The West Castleton Slate Company was once one of the most significant spots in Castleton, which offered many jobs to the town. At the time, Castleton had 43 houses, a school, a store, three barns, two sawmills, and several quarries. 

The town was tiny compared to some of the others in Vermont. There were three significant record belts in Vermont, but this territory, the western Vermont-New York belt, was the most productive and abundant of color choices in Vermont. Pennsylvania was the only state who surpassed Vermont at the time. There were a few different slate color options, including "Vermont Sea Green", "Unfading Green", "Purple Variegated", and "Unfading Red". West Castleton created the Purple Variegated and Unfading Green records. These can be found in the waste heaps, record outcrops, and rooftops in the Castleton zone. 
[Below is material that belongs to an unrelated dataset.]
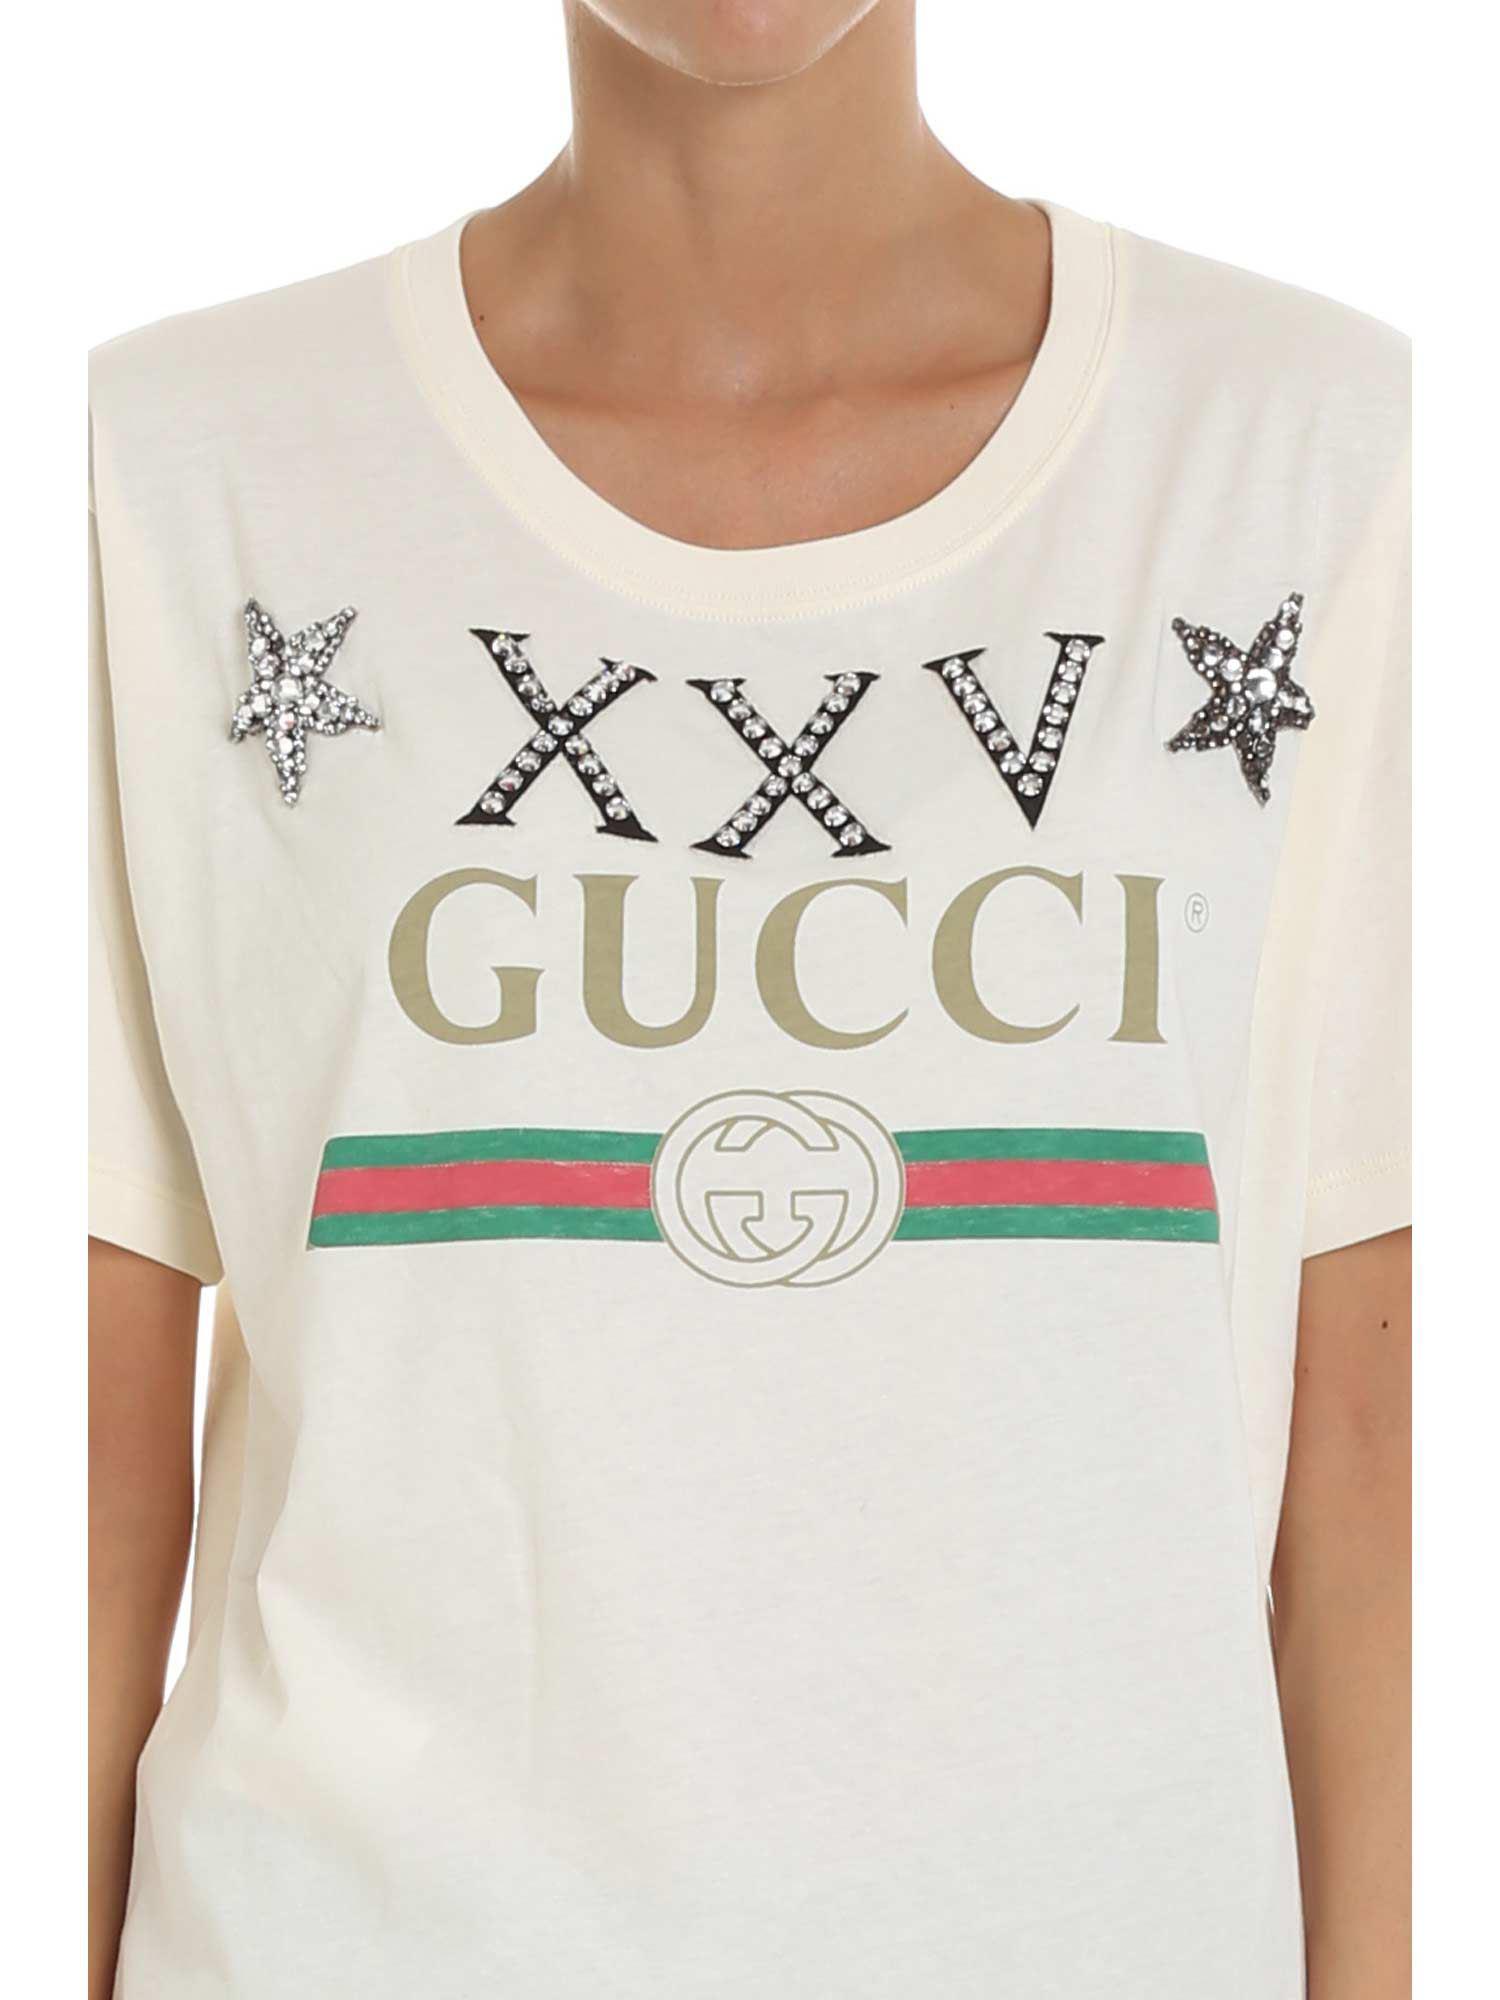 xxv gucci shirt

The quarry played a large role in the Castleton Slate industry. There were double stacks of slate that anchored the derricks and pulleys used to hoist slate blocks from the quarry, which is now filled with lots of water. This process did not come without risk. Slate mining was one of the most dangerous things people could do for a living. Techniques such as manual labor, blasting, and using animals to remove slate, rubble, and water, were used in early quarries. Slate mining also claimed the lives of many workers during their jobs, from blasting to rock collapses. In addition to the risk, they had to work over ten hours a day while earning less than two dollars. On either side of the street from the slate company's location, you may discover some establishments and what remains of the laborers' quarters. Every living arrangement was composed of isolating the area into at least two smaller units. The organization intended to construct 100 of these by 1854, yet an 1869 guide demonstrated just two lines of homes. The majority of the people living there were Irish Catholic workers.

During the 1860s, the slate company built a brand new mill for the making of green and purple flooring, billiard tables, and many other things. At the time the mill was developed, it was one of the biggest record completing factories in the nation. The mill sadly burned down in 1870 but was later rebuilt. The slate business owed its prosperity to the physical process of the earth that happened over 500 million years before. Vermont was secured with tropical oceans and seas before it became the current land. Through the natural development of the dirt and mud laying around in those areas, slate-rock was created. The slate industry then created something called the Slate Industry Boom. With all the new jobs and people coming in, new markets were created for new high-quality slate. By 1850, The West Castleton Slate Company had begun operation.

The Lake Shore-West Castleton Mill closed in 1929 when demand decreased, and the quarries became less abundant from all the previous mining. It is believed that the aftermath of World War I and the Great Depression also contributed to the village's eventual abandonment.

Vermont Department of Forests, Parks & Recreation. Bomoseen State Park, December 12th 2019. Accessed December 12th 2019.